Et rentrer chez soi déguster notre délicieuse soupe aux légumes en se disant, à juste titre, qu’on est plus intelligents qu’avant d’être sortis.
Dès le début du film, la finesse de la réalisation saute aux yeux. On parlera de peinture, on parlera d’une blessure d’autrefois. Le flashback sur océan qui s’ensuit est amené sans effet ni lourdeur, et pourtant il est certain que nous voilà plongés dans le passé avec la peintre... Plongés... littéralement, car c’est au moment où Marianne saute à l’eau pour récupérer son matériel que l’évidence apparaît : les hommes seront absents du film. Aucun d’eux n’est montré durant cette brève scène, aucun ne se jette à la mer ni ne semble porter secours à l’artiste. C’est à peine si on en entend un grogner « madame... ». Il n’y aura que deux rôles masculins importants, deux rôles sans acteurs : un père peintre et un futur mari milanais.

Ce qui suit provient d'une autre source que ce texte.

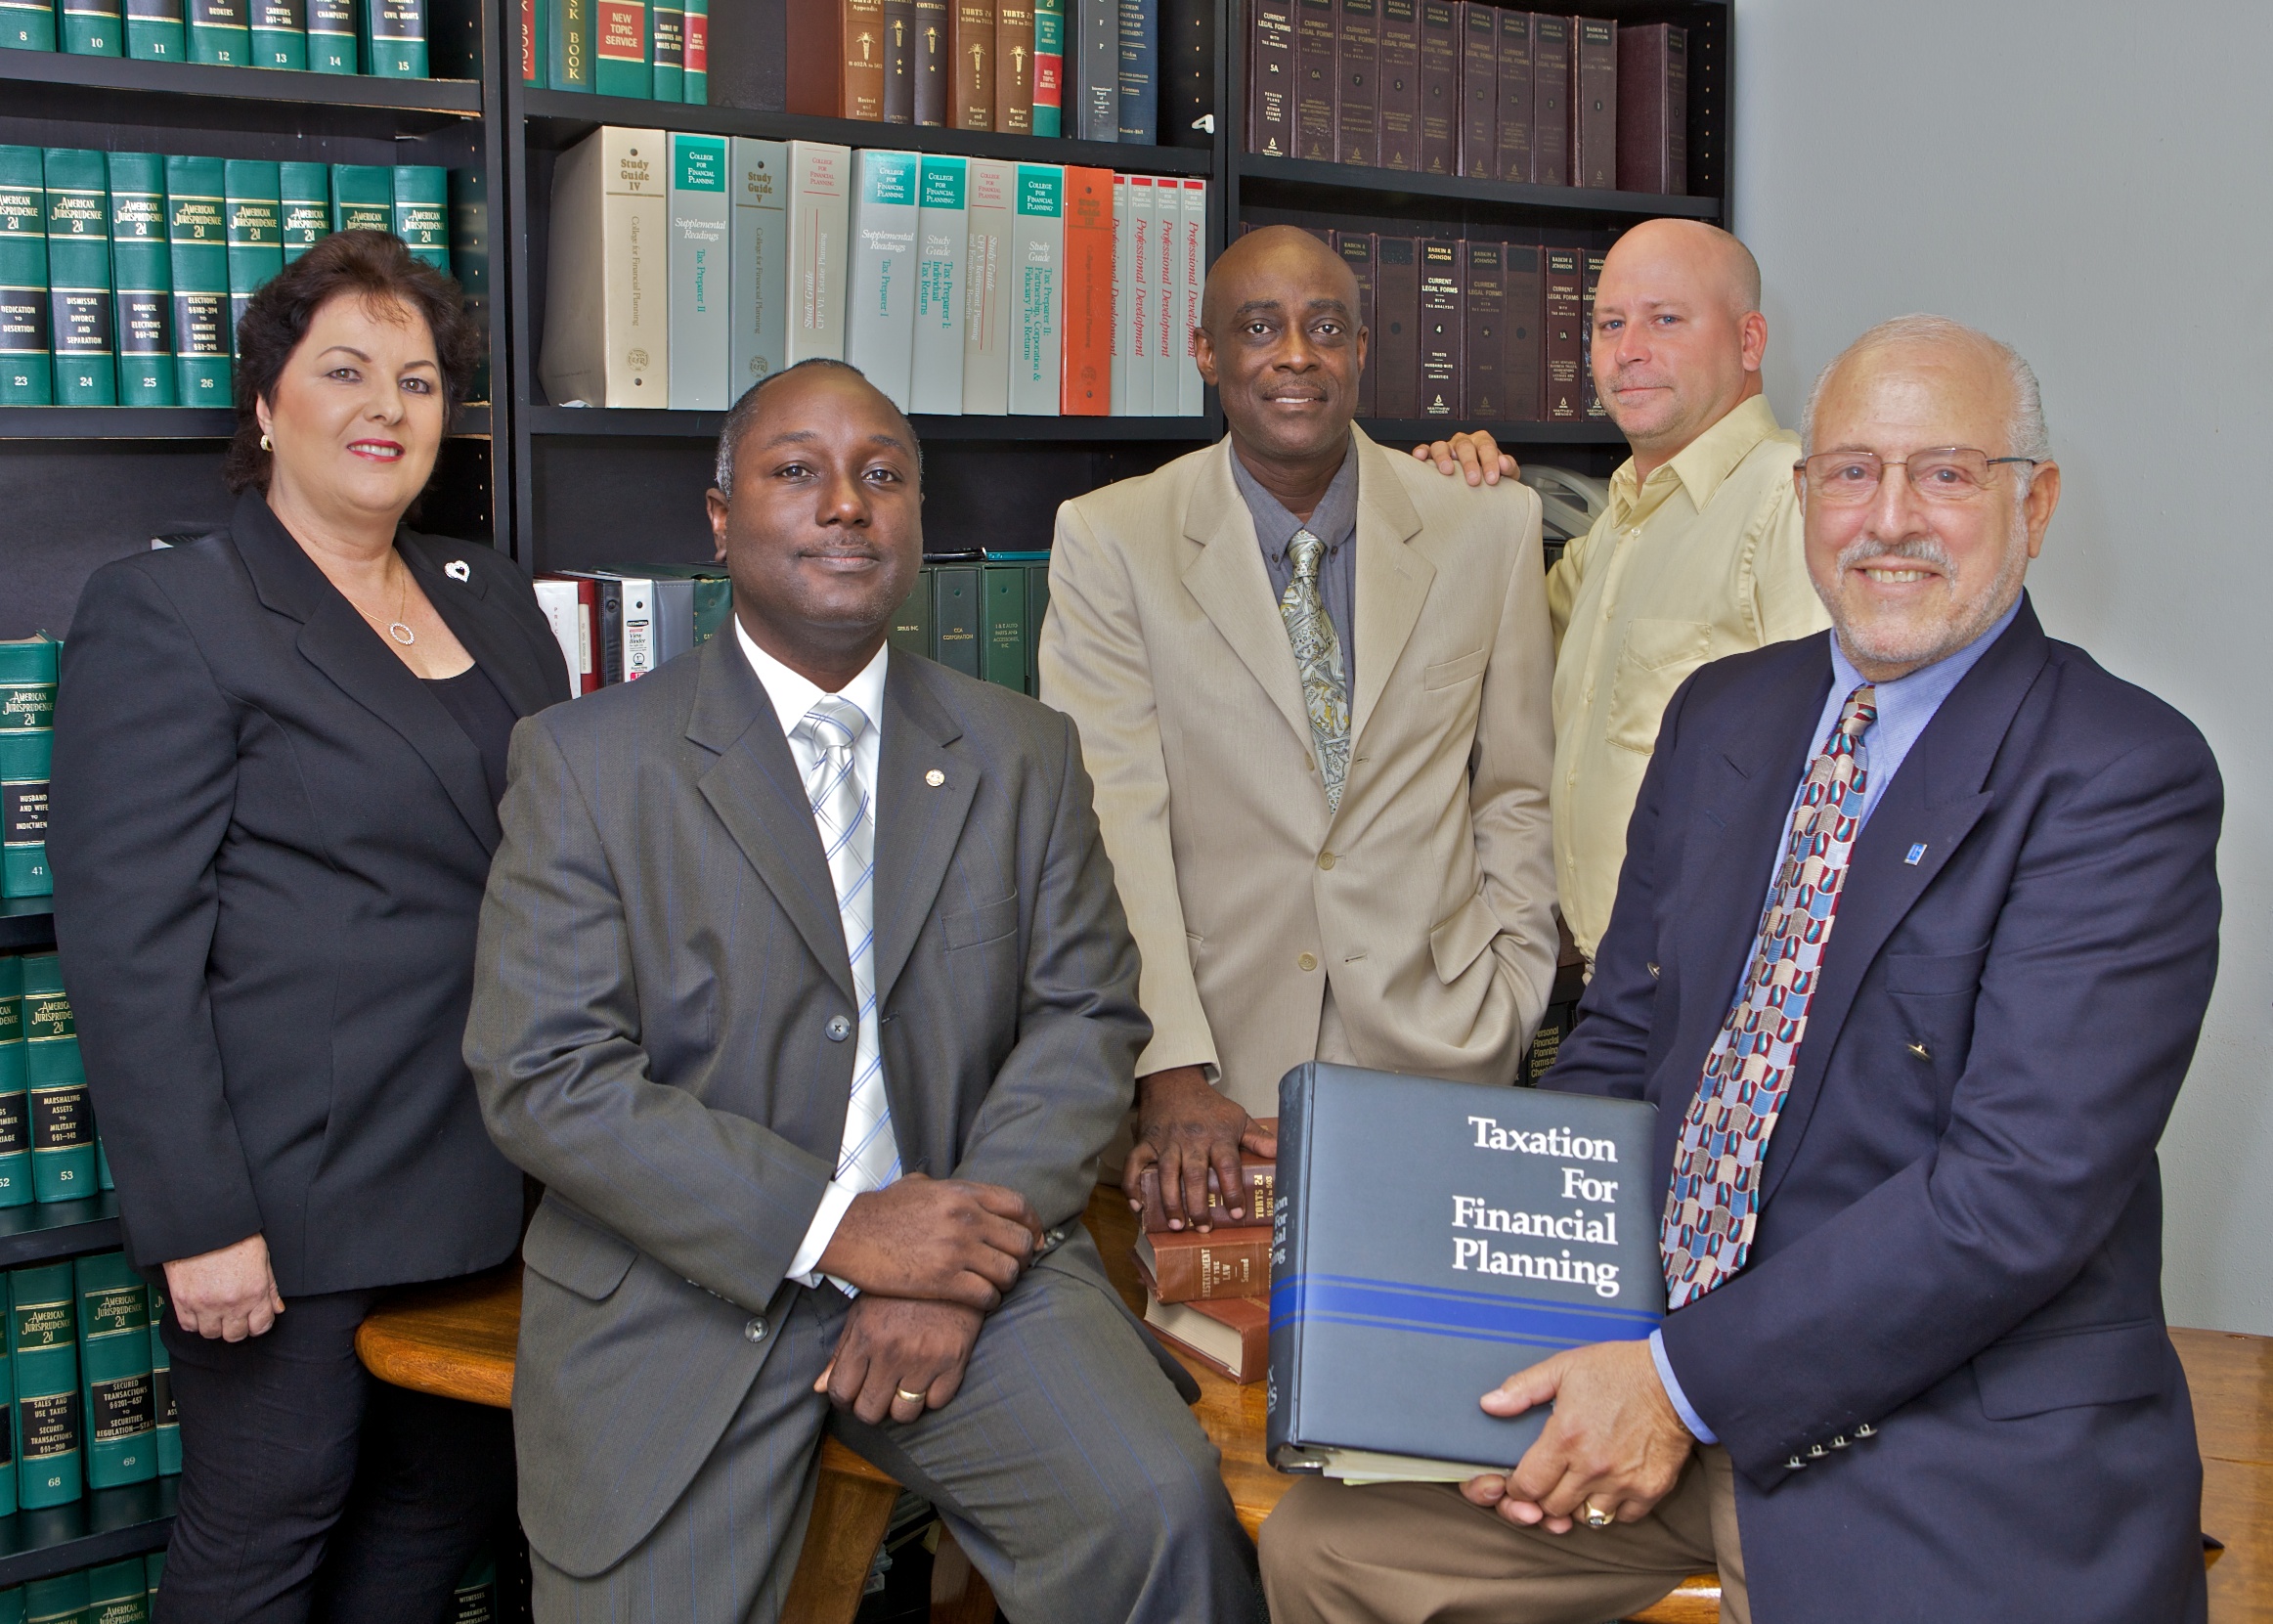 Left to Right: Evelyn Greaux, Eloi George, Ira Christopher, David Osborn, Roger B. Minkoff

C’est donc sans eux que le film déroule intelligemment plusieurs thèmes liés à la condition de la femme au XVIIIe siècle, sans que le propos ne tombe jamais dans la dénonciation facile : impossibilité d’exercer certaines professions, mariages forcés et mises au couvent dans la haute société, avortements clandestins, relations homosexuelles cachées.
Comme décrit plus haut, la suite est un enchantement pour le regard. Rarement un film m’aura autant bouleversé par son image. La lenteur calculée des situations a manifestement pour but de figer les personnages dans des postures de tableaux anciens, au grain fin du lin des toiles.
Il reste les actrices, merveilleuses de justesse, parfaitement dirigées par une réalisatrice au sommet de son art. Le huis clos des trois jeunes femmes dans cette grande maison de bord de mer, en Bretagne, nous garde captif sans nous oppresser. Il n’y fait pas froid, l’obscurité ne nous y pèse pas, l’océan déchaîné n’est pas effrayant. Les sous-intrigues viennent subtilement irriguer un récit nourri par la symbolique des portraits et dessins achevés, imaginés, détruits... ou cachés, comme celui de la page 28.
La musique aussi est remarquable de dépouillement et de justesse (c’est le mot du film selon moi, tout est juste... ou presque) : une chanson et un fragment des 4 Saisons de Vivaldi. C’est semble-t-il une volonté de Céline Sciamma d’avoir fait un film sans musique, à ces deux seules exceptions près qui s’intègrent dans l’histoire sans bande-son : ce sont les actrices ou les figurantes qui chantent, jouent ou assistent à un concert. Comme une évidence, tout ce qui est dans le film est le fruit du film. C’est lui-même qui dictera sa propre chorégraphie.
Et l’on ressort bouleversé par cette sublime histoire d’amour, sans savoir s’il faut rire ou pleurer de son dénouement, ni s’il est raisonnable de sourire à demi comme l’artiste-peintre au moment où elle dit à son élève, laquelle lui fait remarquer qu’elle était triste en prenant la pose :
« J’étais triste, je ne le suis plus. »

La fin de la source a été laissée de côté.